::: STORED DATA :::

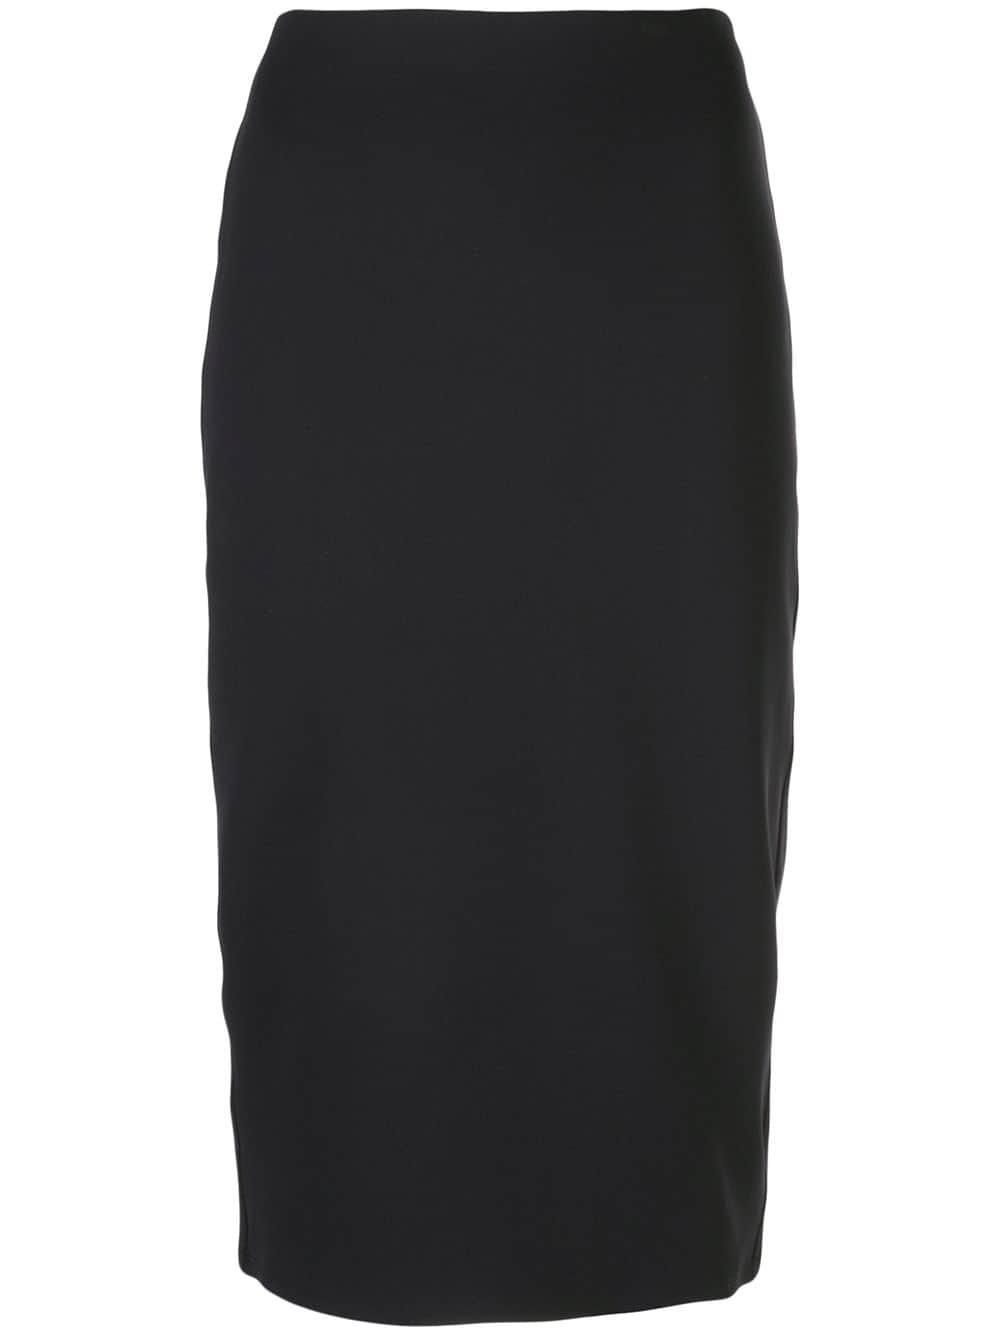 The Row юбка-карандаш с завышенной талией
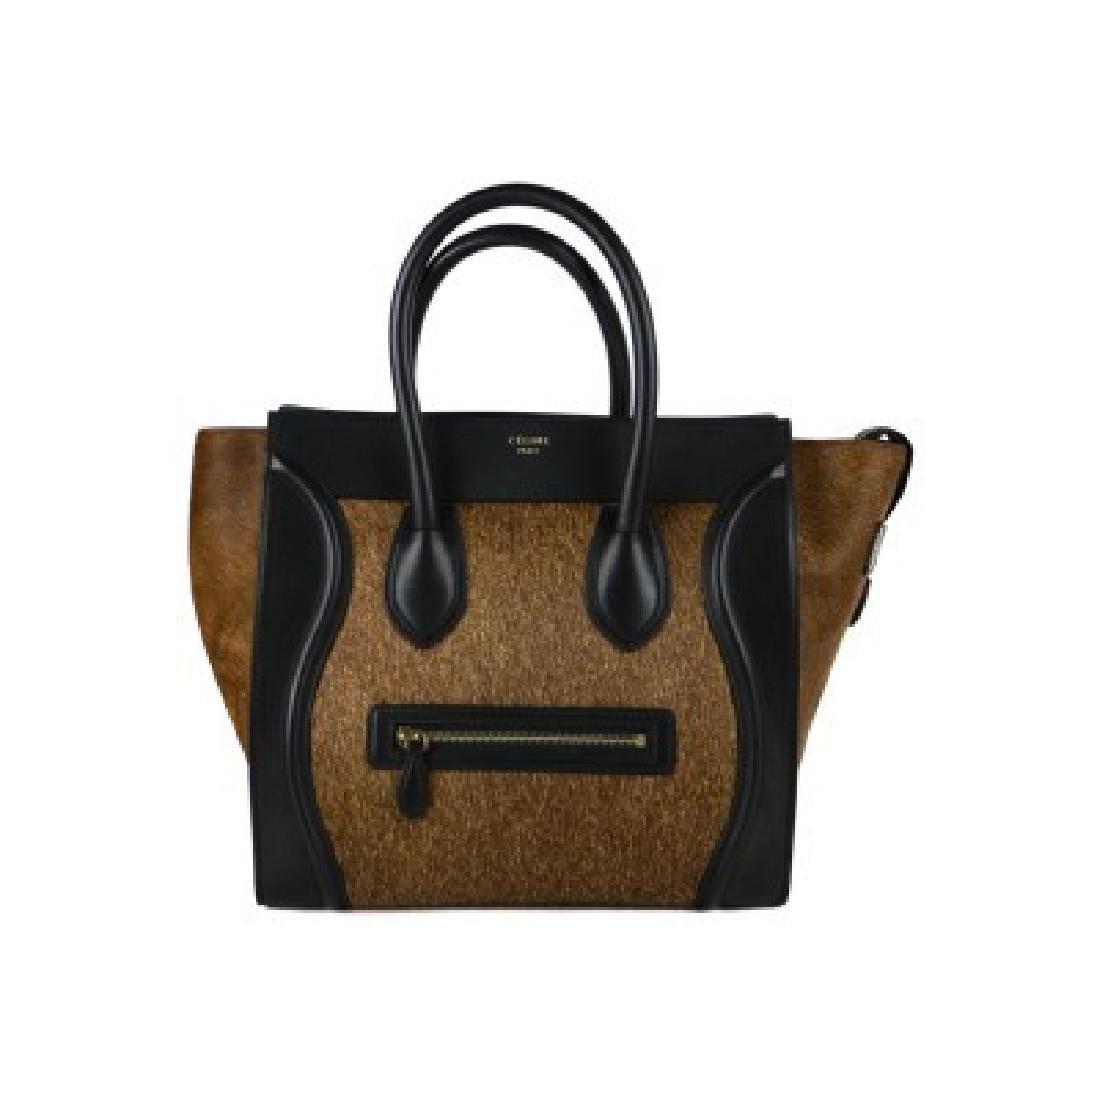 Celine Handbag Luggage Tote Bag
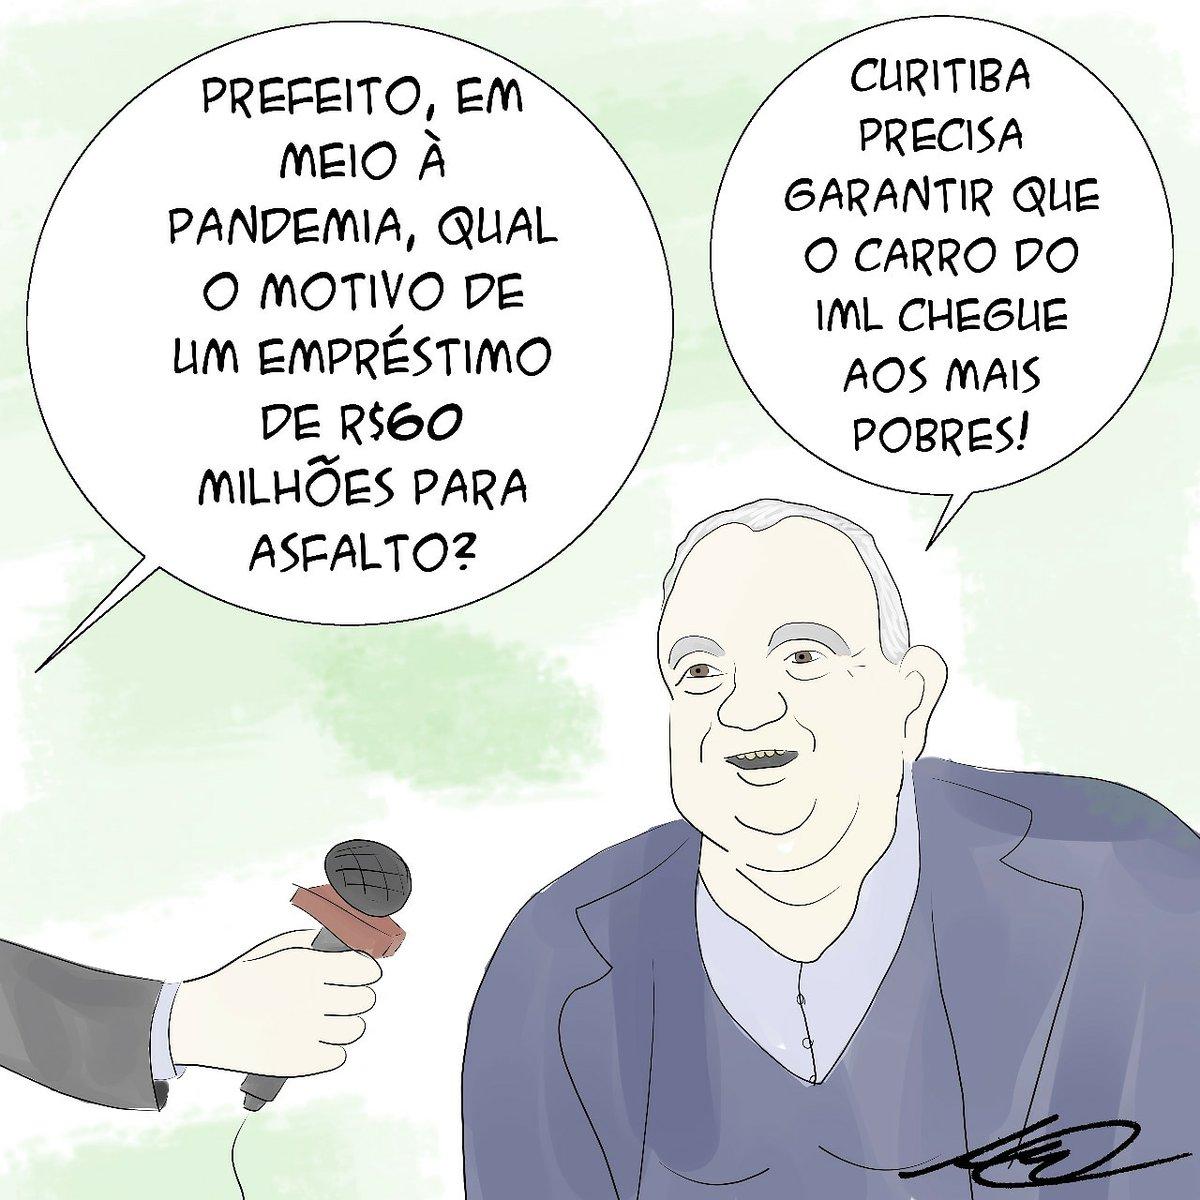 #combateaocoronavirus #coronavirus2020 #coronavirus #coronavirusbrasil #CuritibaContraVirus #curitibacontraocoronavirus #coronavirusnobrasil #curitiba #curitibapr #rafaelgreca #coronavírus #COVID #charge #chargista #arte #cartoon #ficaemcasasepuder #fiqueemcasasepuder  #covid19pic.twitter.com/gBuQzFlvEH

:::

> PROBLEM REQUIREMENTS
Please output the lines from the line that holds "Celine Handbag Luggage Tote Bag" through the final line of the material above, both included. Each line must match exactly, and pictures must be excluded.

> WRITTEN RESPONSE
 Celine Handbag Luggage Tote Bag
 #combateaocoronavirus #coronavirus2020 #coronavirus #coronavirusbrasil #CuritibaContraVirus #curitibacontraocoronavirus #coronavirusnobrasil #curitiba #curitibapr #rafaelgreca #coronavírus #COVID #charge #chargista #arte #cartoon #ficaemcasasepuder #fiqueemcasasepuder  #covid19pic.twitter.com/gBuQzFlvEH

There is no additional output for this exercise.